Thank you for the recommendation! I will check it out. So far I have read the Tony Northup DSLR book and love it. It is a lot of information to take in so I will have to keep reading and practicing.


----------



## dennybeall (Nov 25, 2015)

Just touching on a few things. First - get legal tax advice!
If you make the money it needs to be reported (no matter business or hobby)- how you report it and what business format you choose is complicated and you just need help with it, or spend a lot of effort to learn it all......
I'd say look at the IRS Schedule "C" and get an Umbrella policy on your regular insurance. The Sched. "C" can save you taxes while you're getting started, not cost you taxes.


----------



## KmH (Nov 26, 2015)

Even doing it as a hobby and not charging I highly recommend having a written contract and making sure you are covered insurance wise in case someone gets injured during a free shoot.


----------



## beagle100 (Dec 1, 2015)

tirediron said:


> As I indicated in the other thread, IMO, you are a long way from being ready to take money for photography.

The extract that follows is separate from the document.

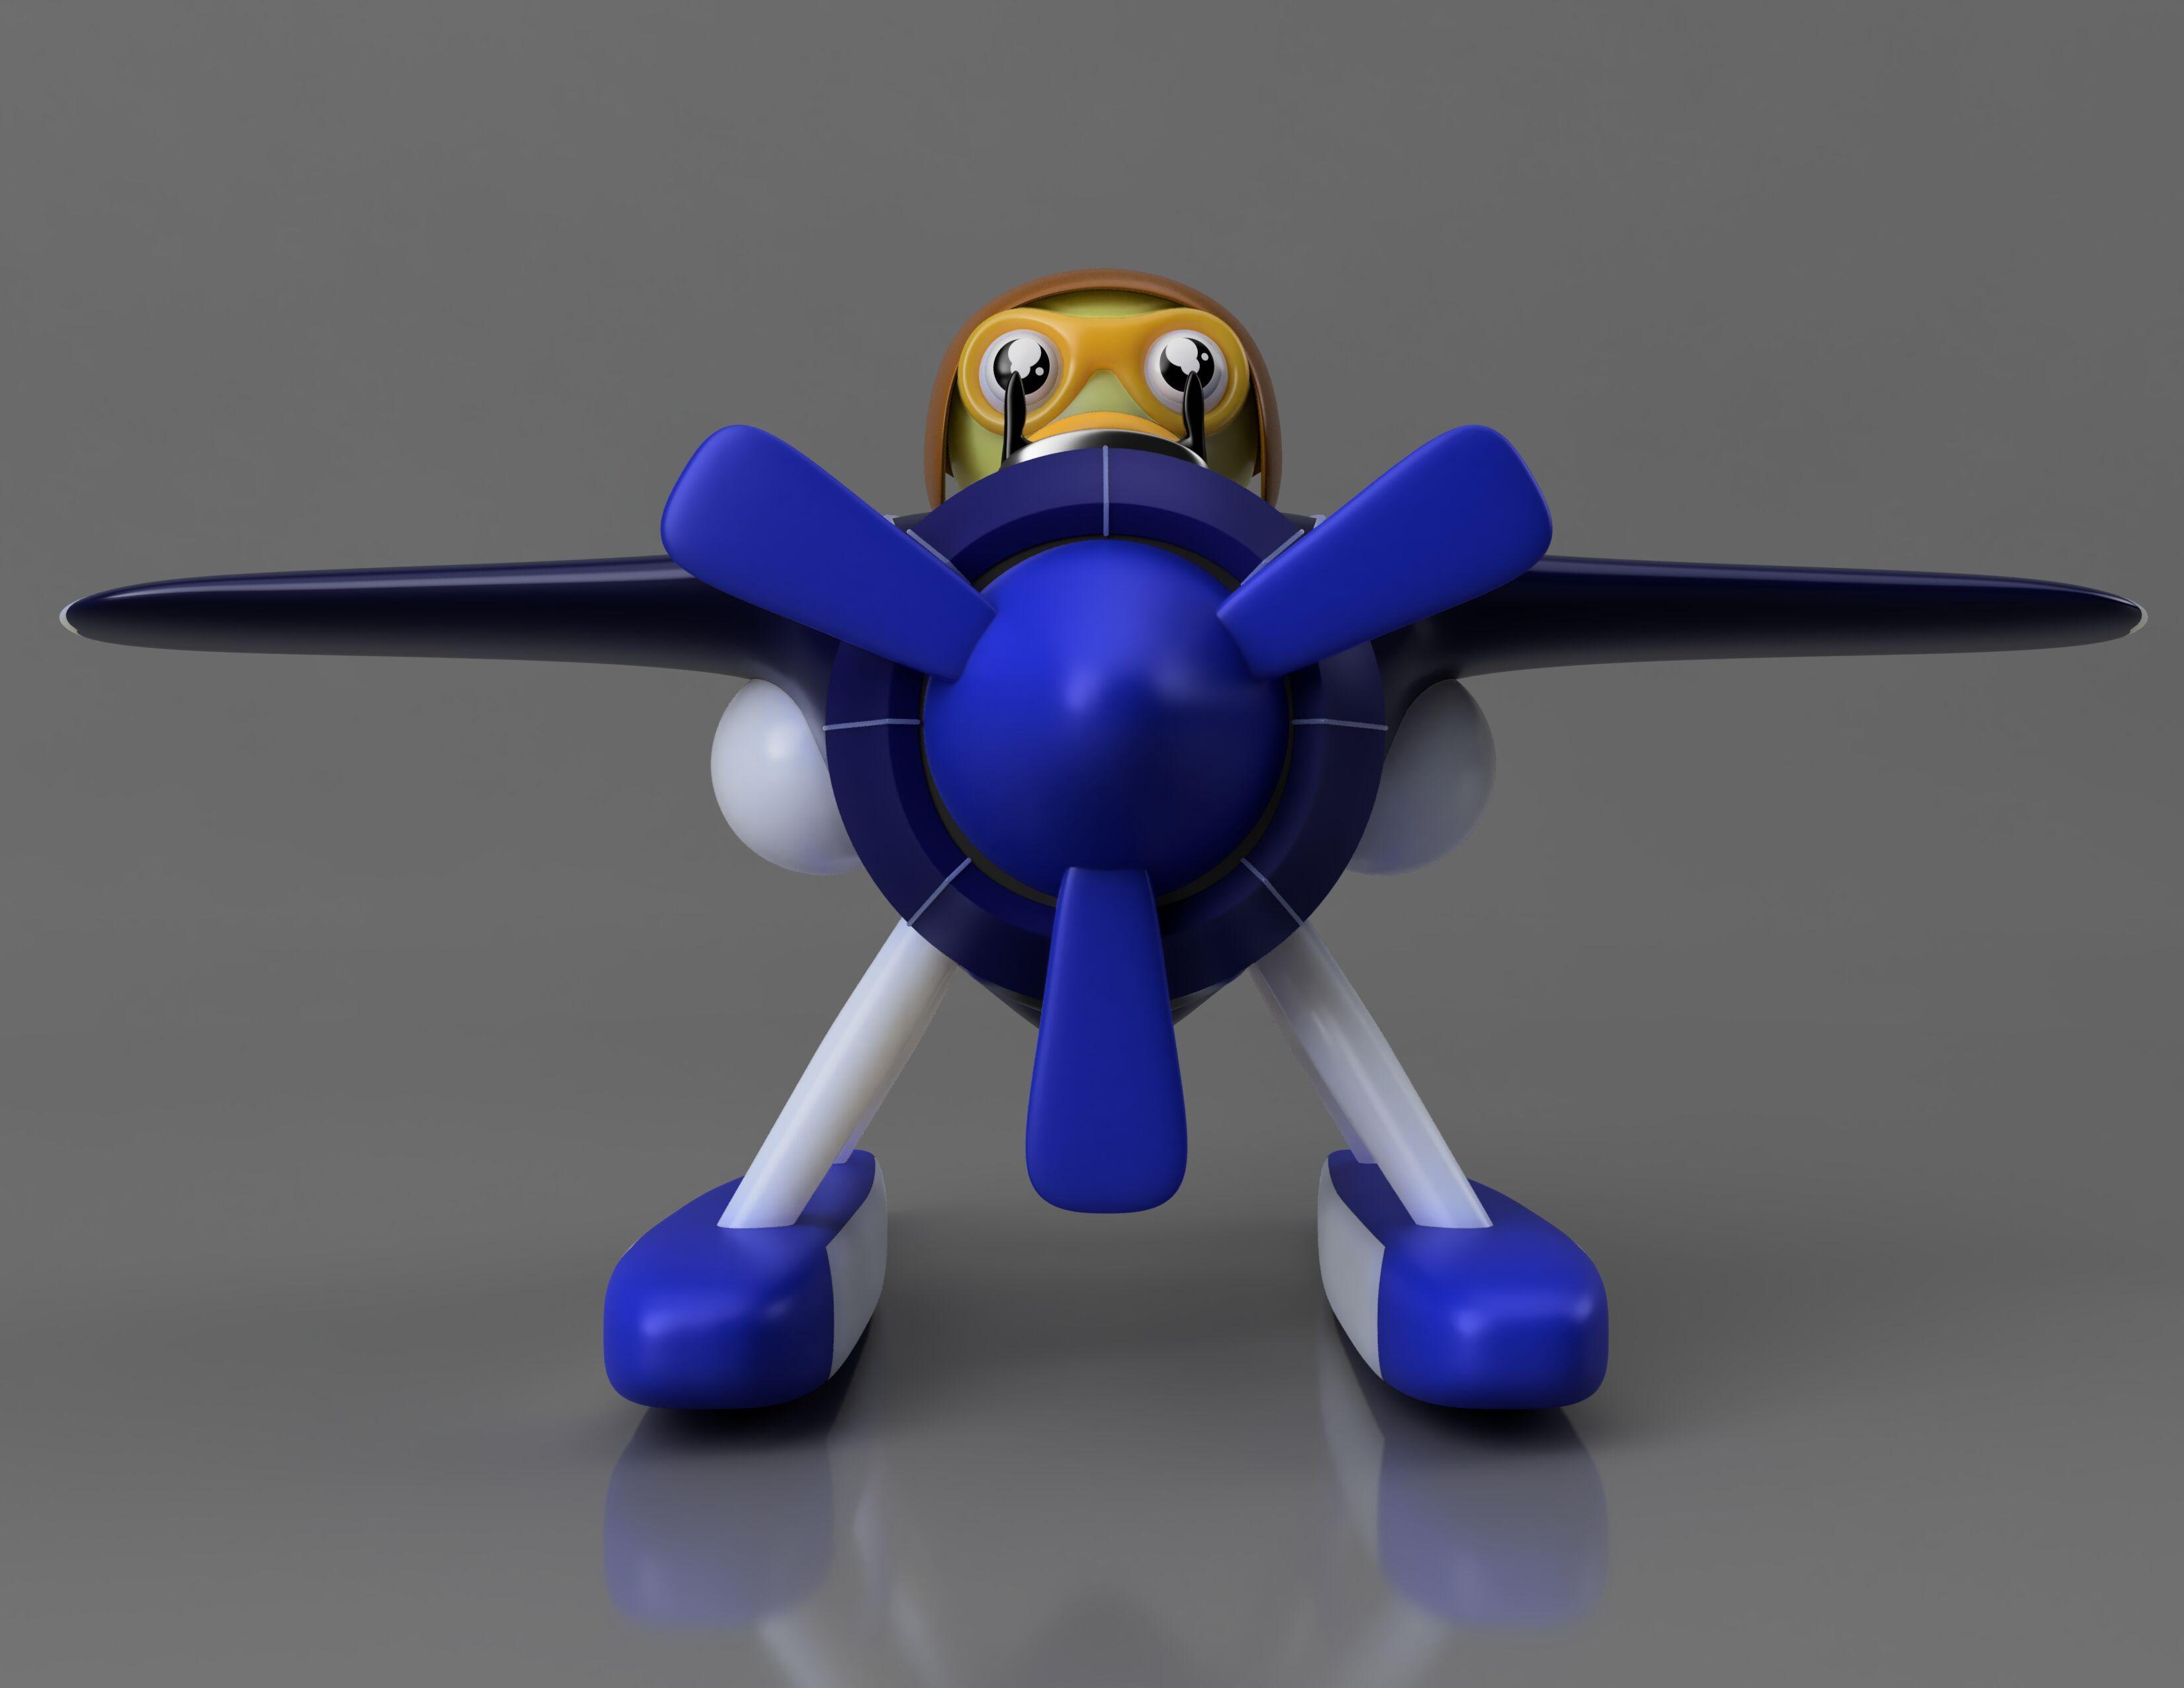 Avion-de-juguete--render-2020-jun-29-09-17-17pm-000-customizedview221528762-png-3500-3500

I agree, looking at those images you're a long way from being "professional" but if and when you are ready to charge customers you will need a tax ID, insurance, contracts, etc.


----------



## desertrattm2r12 (Dec 13, 2015)

Most freelance photographers are in fact underfunded business persons.
The last time I checked the IRS will let you lose money, and take a tax deduction for that, one year out of three.  General Motors can lose money year after year but you can't.
Business licenses, taxes, insurance -- they are like a giant Kabuki dance. Style and form mean more than content is what I mean. As Radar OReilly said on MASH "It doesn't have to make any sense. You just have to submit the right number of copies of the form."
The county where I lived allowed a photographer to do business without paying for a business license but all the cities nearby required a license. Going pro is tough but you can do it if you apply yourself.
A tip -- "zoomy' out-of-focus backgrounds ("bokeh") are all the fad. It's getting pretty cornball. Bokeh is not photography, it's a gimmick. Concentrate on the subject of your photo and make the background a minor consideration. Zillions of photographers these days are taking snaps just for the bokeh and then complain that their subjects are out of focus. Duh.
Nothing creative about yet another bokeh background with fuzzy people in front of it.
Hang in there!


----------



## James W. (Dec 13, 2015)

I believe, and this will vary a lot depending on where you live, that you can put a small amounts of money in the "Miscellaneous Income" category.  If, for instance, you have another job which you work full time and you've just done a couple of shoots for some cash, then the money needs to be reported as miscellaneous income.  If/when you start taking in a lot of money, then you will have to report yourself as a business and that business will become part of your regular income.  Here's the link to the IRS page:  Reporting Miscellaneous Income

While it's unlikely that the IRS will go after you over a few hundred dollars, they have every right to do so, and could do that if they wanted to, so it's best to make sure your taxes are in order.  Just ask Willie Nelson, he could tell you all about the IRS.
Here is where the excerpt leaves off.